Electrical energy has become a basic necessity in this day and age. The need for electrical 
energy every year is continually increasing, while the reserves of non-renewable/exhaustible 
sources of electrical energy, such as coal, petroleum, and natural gas, are running low. Biogas 
contains the main ingredient CH4 which can be used as fuel in electrical energy generation 
because it has a large enough calorific value of 23,880 Btu / lbm. 

In order to manage cow dung into a more valuable product, PT Pertamina (DPPU), Adi 
Sumarmo took the initiative to assist the "Cengkir Gading" cattle breeder group in the form of 
building a biogas digester and converting energy from biogas into electrical energy. The electricity 
generated from the biogas is expected to provide lighting for the cowsheds and the road to the 
cowshed—the previous lighting utilized electricity from PLN. Electricity from PLN is generated 
using less environmentally friendly fuel, namely coal. 

This study aims to evaluate the program's implementation and estimate carbon emission 
reductions and energy savings from using biogas in electrical energy by the "Cengkir Gading" 
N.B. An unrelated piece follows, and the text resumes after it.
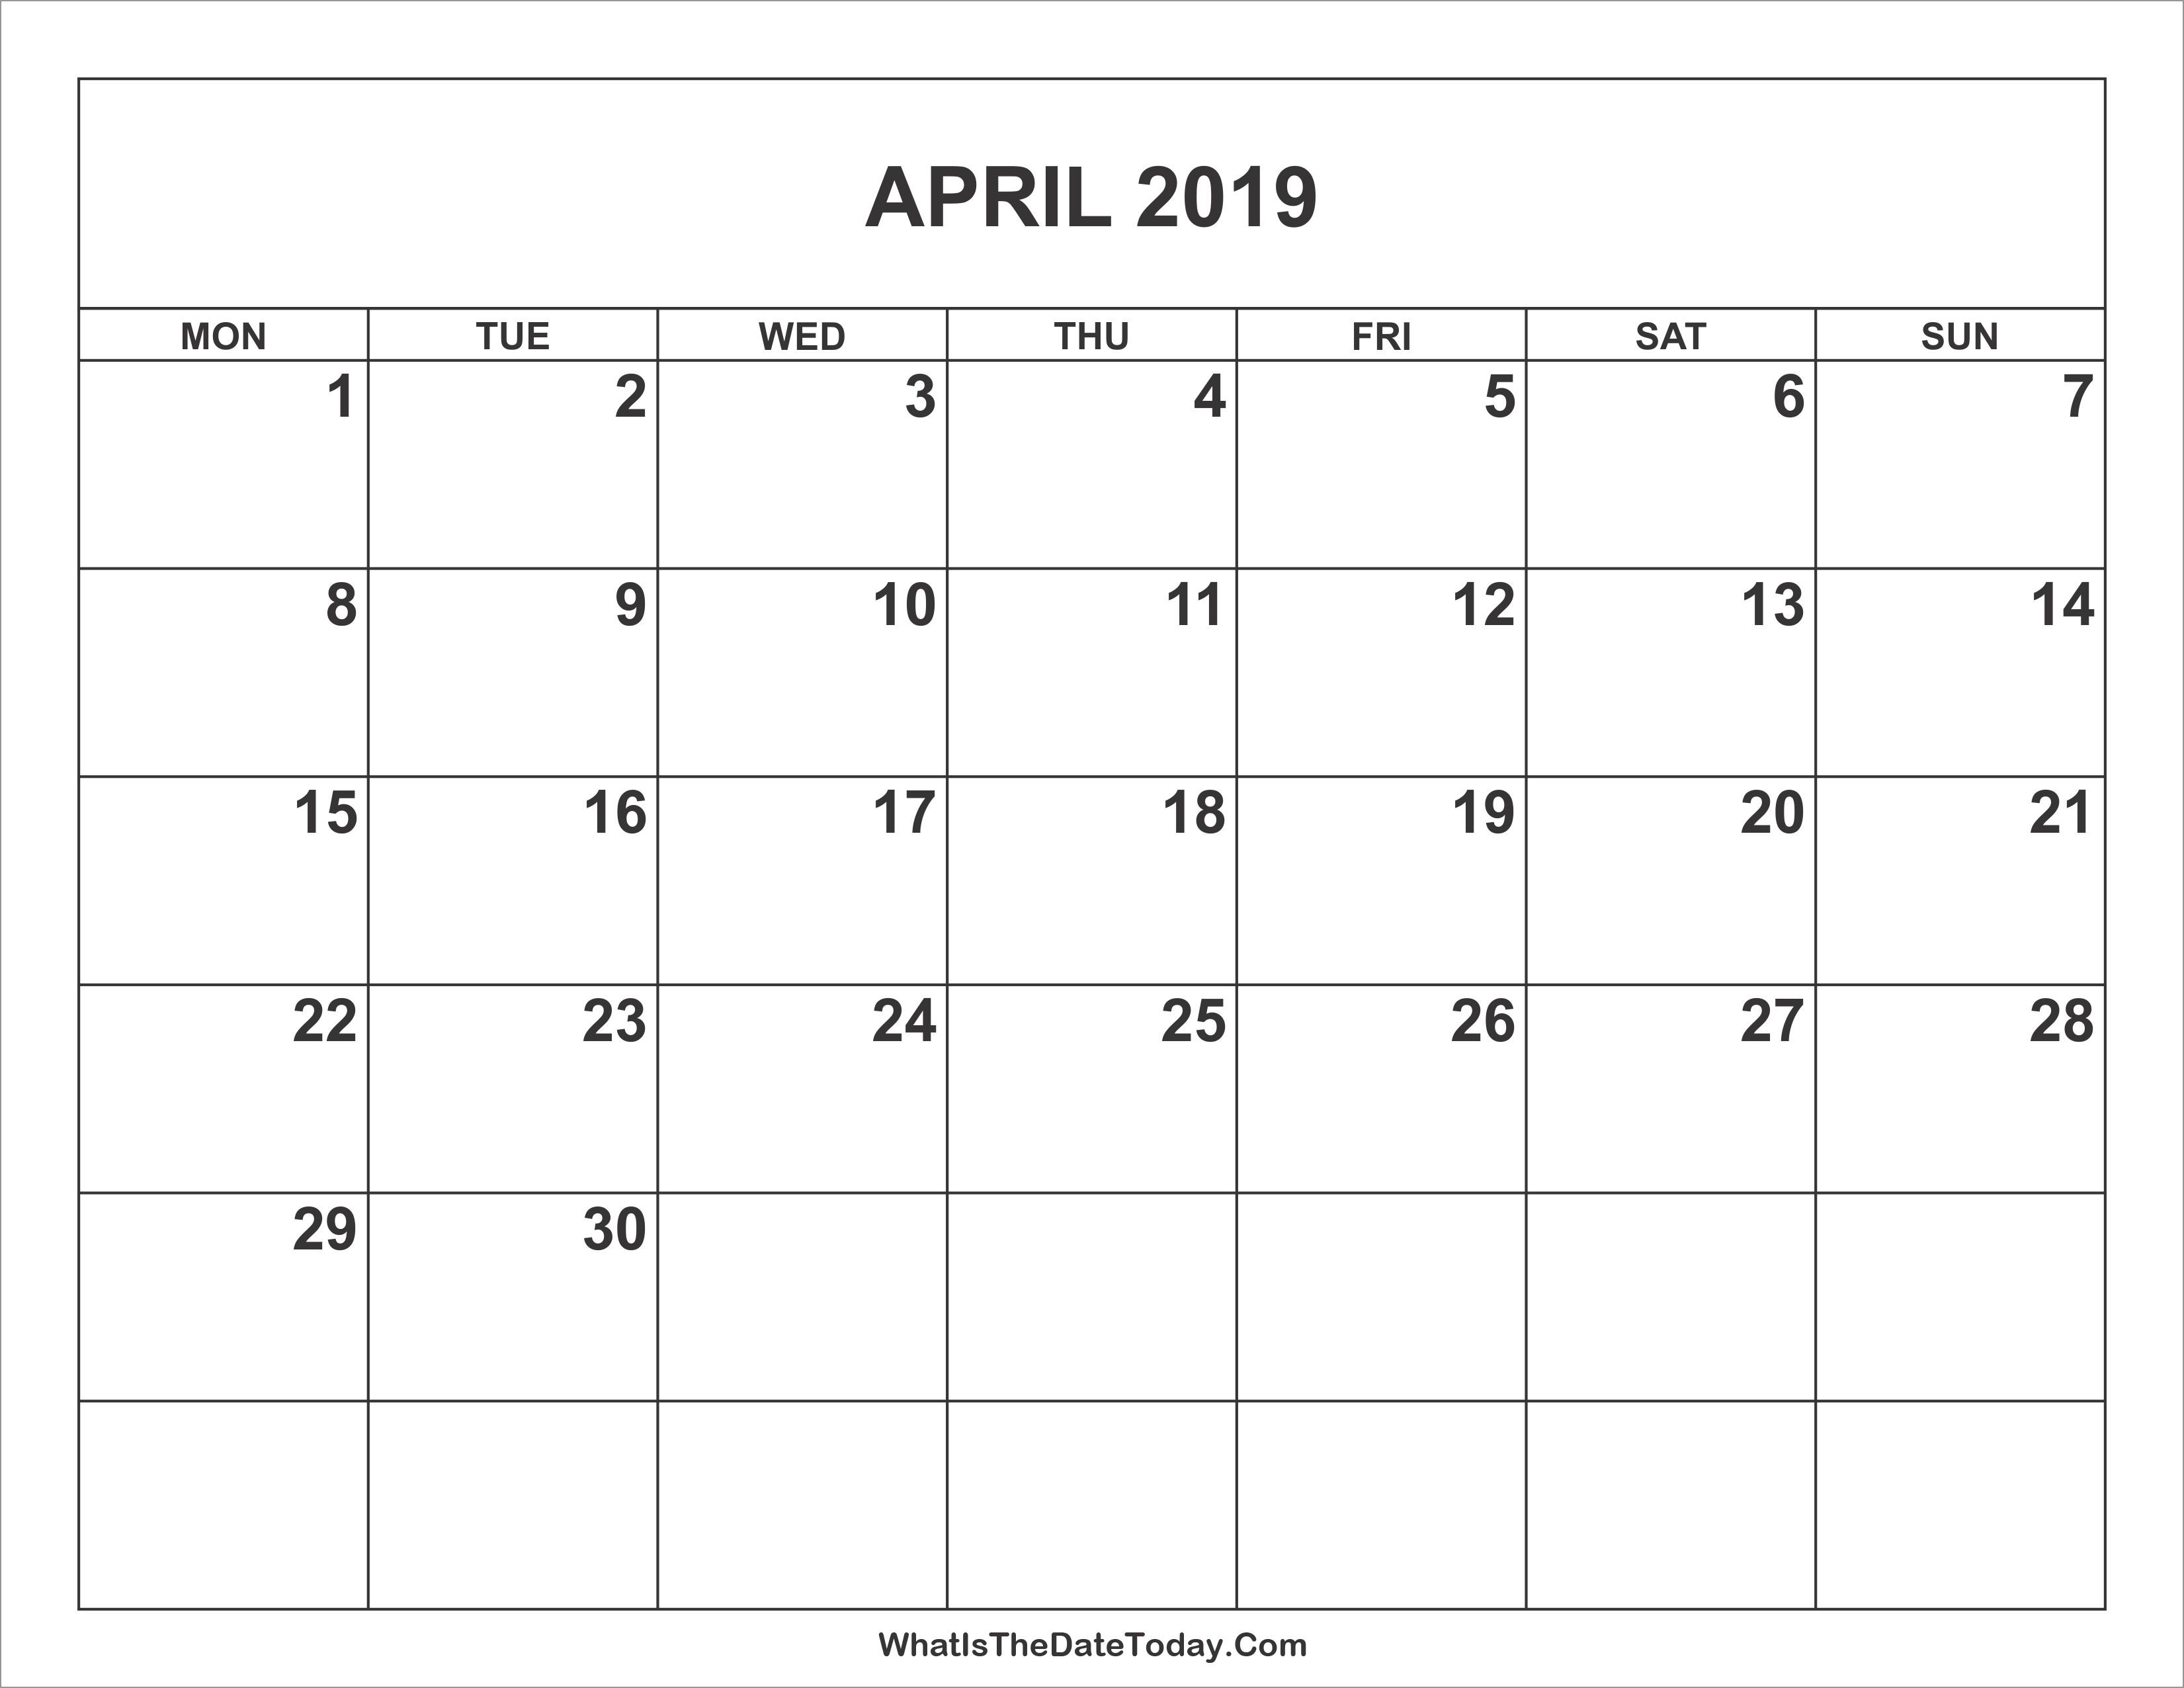 March Calendar Canada Más Recientes April 2019 Calendar Word April 2019 Calendar Of March Calendar Canada Más Recientes Flowers March 2019 Desktop Calendar March March2019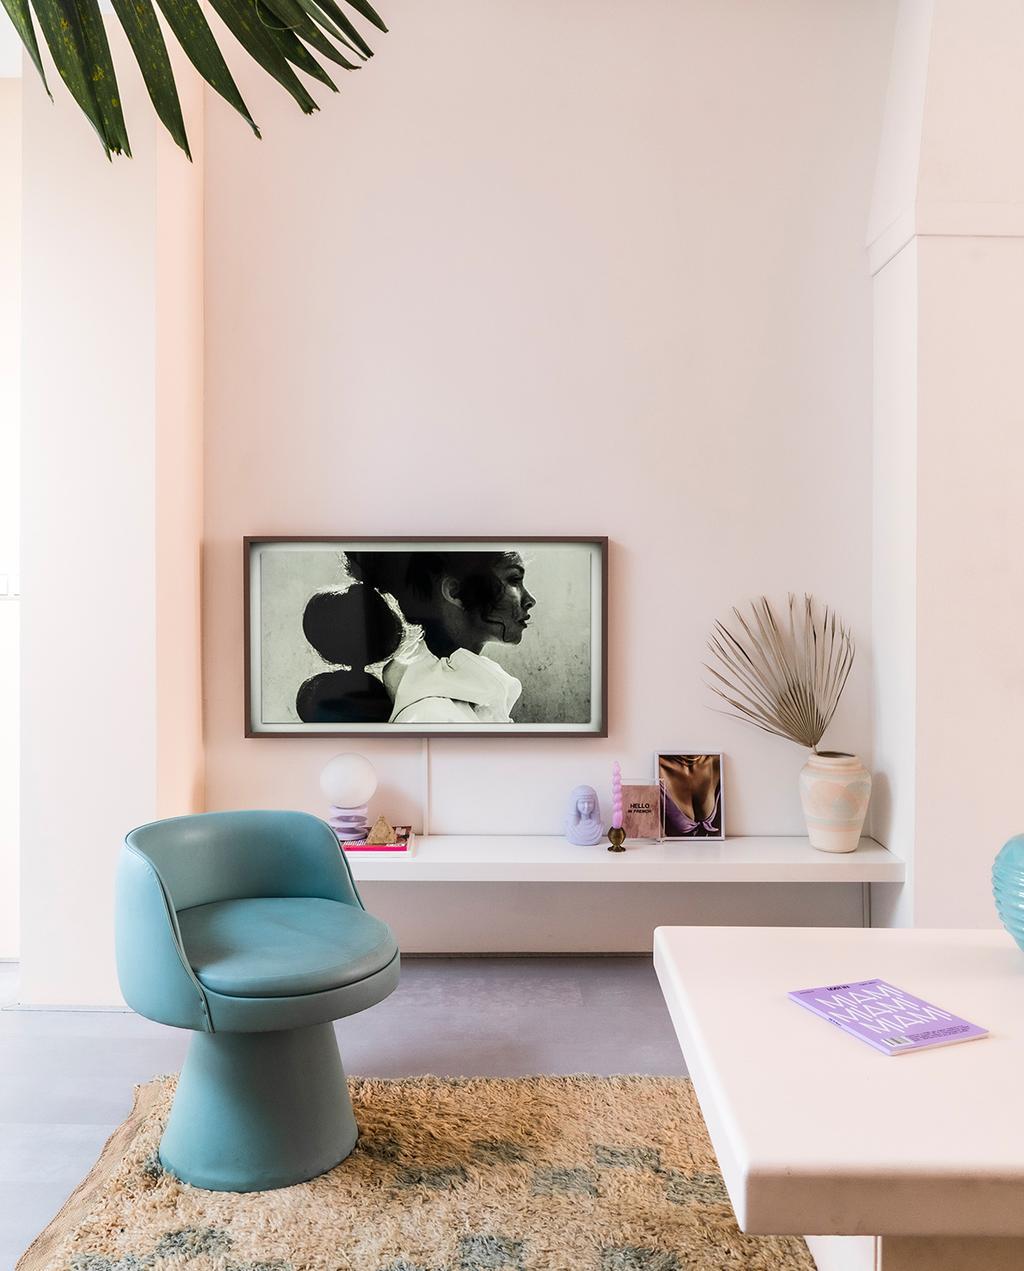 vtwonen 06-2021 | blauwe fauteuil en vloerkleed met kunstwerk op de achtermuur

cattle breeder group in Sawahan Village, Ngemplak, Boyolali. The evaluation was specified to 
analyze the value of energy conversion from biogas into heat and electrical energy; it also 
measured the economic value of biogas energy conversion from digester installation in Cengkir 
Gading farm.   The program's success will be used as a direction for developing social innovation 
programs by PT Pertamina (DPPU) Adi Sumarmo.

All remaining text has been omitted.